The expected output is every entry, repeated exactly.

Items from a data source:
- Opening Delimiter -
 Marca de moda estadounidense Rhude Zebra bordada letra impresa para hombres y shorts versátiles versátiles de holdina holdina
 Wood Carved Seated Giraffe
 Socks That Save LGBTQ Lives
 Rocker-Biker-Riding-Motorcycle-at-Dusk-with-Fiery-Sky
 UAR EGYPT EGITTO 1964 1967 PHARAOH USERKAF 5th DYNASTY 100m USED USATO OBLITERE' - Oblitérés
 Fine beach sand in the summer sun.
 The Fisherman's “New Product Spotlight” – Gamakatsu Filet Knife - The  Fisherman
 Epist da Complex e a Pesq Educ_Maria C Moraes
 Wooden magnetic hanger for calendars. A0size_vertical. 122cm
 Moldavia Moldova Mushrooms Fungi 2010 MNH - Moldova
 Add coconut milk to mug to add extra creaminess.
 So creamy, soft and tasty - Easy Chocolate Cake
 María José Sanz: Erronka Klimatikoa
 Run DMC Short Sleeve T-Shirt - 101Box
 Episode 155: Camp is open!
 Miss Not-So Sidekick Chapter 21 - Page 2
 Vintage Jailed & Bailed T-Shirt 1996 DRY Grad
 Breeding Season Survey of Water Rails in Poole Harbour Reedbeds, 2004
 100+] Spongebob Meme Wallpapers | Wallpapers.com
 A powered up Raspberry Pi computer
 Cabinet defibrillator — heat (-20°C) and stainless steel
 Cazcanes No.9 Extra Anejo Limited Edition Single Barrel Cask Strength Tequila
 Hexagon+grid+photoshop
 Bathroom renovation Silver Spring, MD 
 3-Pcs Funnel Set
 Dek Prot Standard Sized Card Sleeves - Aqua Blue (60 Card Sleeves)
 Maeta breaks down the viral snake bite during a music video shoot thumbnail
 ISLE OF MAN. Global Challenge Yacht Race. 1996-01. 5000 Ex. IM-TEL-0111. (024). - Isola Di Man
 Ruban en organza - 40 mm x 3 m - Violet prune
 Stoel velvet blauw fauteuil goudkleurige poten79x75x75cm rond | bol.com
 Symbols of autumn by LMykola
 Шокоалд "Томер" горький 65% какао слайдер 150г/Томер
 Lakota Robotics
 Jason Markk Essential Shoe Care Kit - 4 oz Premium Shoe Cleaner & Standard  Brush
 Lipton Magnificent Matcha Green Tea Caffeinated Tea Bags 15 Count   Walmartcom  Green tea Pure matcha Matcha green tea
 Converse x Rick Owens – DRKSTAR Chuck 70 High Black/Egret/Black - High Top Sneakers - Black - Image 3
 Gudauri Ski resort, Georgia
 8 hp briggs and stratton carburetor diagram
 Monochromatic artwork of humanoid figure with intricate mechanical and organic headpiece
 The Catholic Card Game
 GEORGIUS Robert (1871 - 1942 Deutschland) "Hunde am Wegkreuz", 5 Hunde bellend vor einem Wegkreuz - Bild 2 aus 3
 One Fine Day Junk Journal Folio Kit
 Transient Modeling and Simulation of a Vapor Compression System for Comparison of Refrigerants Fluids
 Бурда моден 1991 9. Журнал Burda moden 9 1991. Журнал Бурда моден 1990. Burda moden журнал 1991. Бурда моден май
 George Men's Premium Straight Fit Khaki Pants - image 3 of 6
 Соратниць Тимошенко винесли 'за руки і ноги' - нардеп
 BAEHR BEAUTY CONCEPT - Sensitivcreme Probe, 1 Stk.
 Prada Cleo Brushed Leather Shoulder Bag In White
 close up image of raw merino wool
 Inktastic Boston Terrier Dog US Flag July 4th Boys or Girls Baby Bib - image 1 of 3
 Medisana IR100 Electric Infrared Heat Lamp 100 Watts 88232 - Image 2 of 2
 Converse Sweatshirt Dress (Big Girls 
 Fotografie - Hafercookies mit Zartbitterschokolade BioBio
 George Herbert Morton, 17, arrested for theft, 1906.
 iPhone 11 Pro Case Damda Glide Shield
- Closing Delimiter -
### Solution to this exercise
 Marca de moda estadounidense Rhude Zebra bordada letra impresa para hombres y shorts versátiles versátiles de holdina holdina
 Wood Carved Seated Giraffe
 Socks That Save LGBTQ Lives
 Rocker-Biker-Riding-Motorcycle-at-Dusk-with-Fiery-Sky
 UAR EGYPT EGITTO 1964 1967 PHARAOH USERKAF 5th DYNASTY 100m USED USATO OBLITERE' - Oblitérés
 Fine beach sand in the summer sun.
 The Fisherman's “New Product Spotlight” – Gamakatsu Filet Knife - The  Fisherman
 Epist da Complex e a Pesq Educ_Maria C Moraes
 Wooden magnetic hanger for calendars. A0size_vertical. 122cm
 Moldavia Moldova Mushrooms Fungi 2010 MNH - Moldova
 Add coconut milk to mug to add extra creaminess.
 So creamy, soft and tasty - Easy Chocolate Cake
 María José Sanz: Erronka Klimatikoa
 Run DMC Short Sleeve T-Shirt - 101Box
 Episode 155: Camp is open!
 Miss Not-So Sidekick Chapter 21 - Page 2
 Vintage Jailed & Bailed T-Shirt 1996 DRY Grad
 Breeding Season Survey of Water Rails in Poole Harbour Reedbeds, 2004
 100+] Spongebob Meme Wallpapers | Wallpapers.com
 A powered up Raspberry Pi computer
 Cabinet defibrillator — heat (-20°C) and stainless steel
 Cazcanes No.9 Extra Anejo Limited Edition Single Barrel Cask Strength Tequila
 Hexagon+grid+photoshop
 Bathroom renovation Silver Spring, MD 
 3-Pcs Funnel Set
 Dek Prot Standard Sized Card Sleeves - Aqua Blue (60 Card Sleeves)
 Maeta breaks down the viral snake bite during a music video shoot thumbnail
 ISLE OF MAN. Global Challenge Yacht Race. 1996-01. 5000 Ex. IM-TEL-0111. (024). - Isola Di Man
 Ruban en organza - 40 mm x 3 m - Violet prune
 Stoel velvet blauw fauteuil goudkleurige poten79x75x75cm rond | bol.com
 Symbols of autumn by LMykola
 Шокоалд "Томер" горький 65% какао слайдер 150г/Томер
 Lakota Robotics
 Jason Markk Essential Shoe Care Kit - 4 oz Premium Shoe Cleaner & Standard  Brush
 Lipton Magnificent Matcha Green Tea Caffeinated Tea Bags 15 Count   Walmartcom  Green tea Pure matcha Matcha green tea
 Converse x Rick Owens – DRKSTAR Chuck 70 High Black/Egret/Black - High Top Sneakers - Black - Image 3
 Gudauri Ski resort, Georgia
 8 hp briggs and stratton carburetor diagram
 Monochromatic artwork of humanoid figure with intricate mechanical and organic headpiece
 The Catholic Card Game
 GEORGIUS Robert (1871 - 1942 Deutschland) "Hunde am Wegkreuz", 5 Hunde bellend vor einem Wegkreuz - Bild 2 aus 3
 One Fine Day Junk Journal Folio Kit
 Transient Modeling and Simulation of a Vapor Compression System for Comparison of Refrigerants Fluids
 Бурда моден 1991 9. Журнал Burda moden 9 1991. Журнал Бурда моден 1990. Burda moden журнал 1991. Бурда моден май
 George Men's Premium Straight Fit Khaki Pants - image 3 of 6
 Соратниць Тимошенко винесли 'за руки і ноги' - нардеп
 BAEHR BEAUTY CONCEPT - Sensitivcreme Probe, 1 Stk.
 Prada Cleo Brushed Leather Shoulder Bag In White
 close up image of raw merino wool
 Inktastic Boston Terrier Dog US Flag July 4th Boys or Girls Baby Bib - image 1 of 3
 Medisana IR100 Electric Infrared Heat Lamp 100 Watts 88232 - Image 2 of 2
 Converse Sweatshirt Dress (Big Girls 
 Fotografie - Hafercookies mit Zartbitterschokolade BioBio
 George Herbert Morton, 17, arrested for theft, 1906.
 iPhone 11 Pro Case Damda Glide Shield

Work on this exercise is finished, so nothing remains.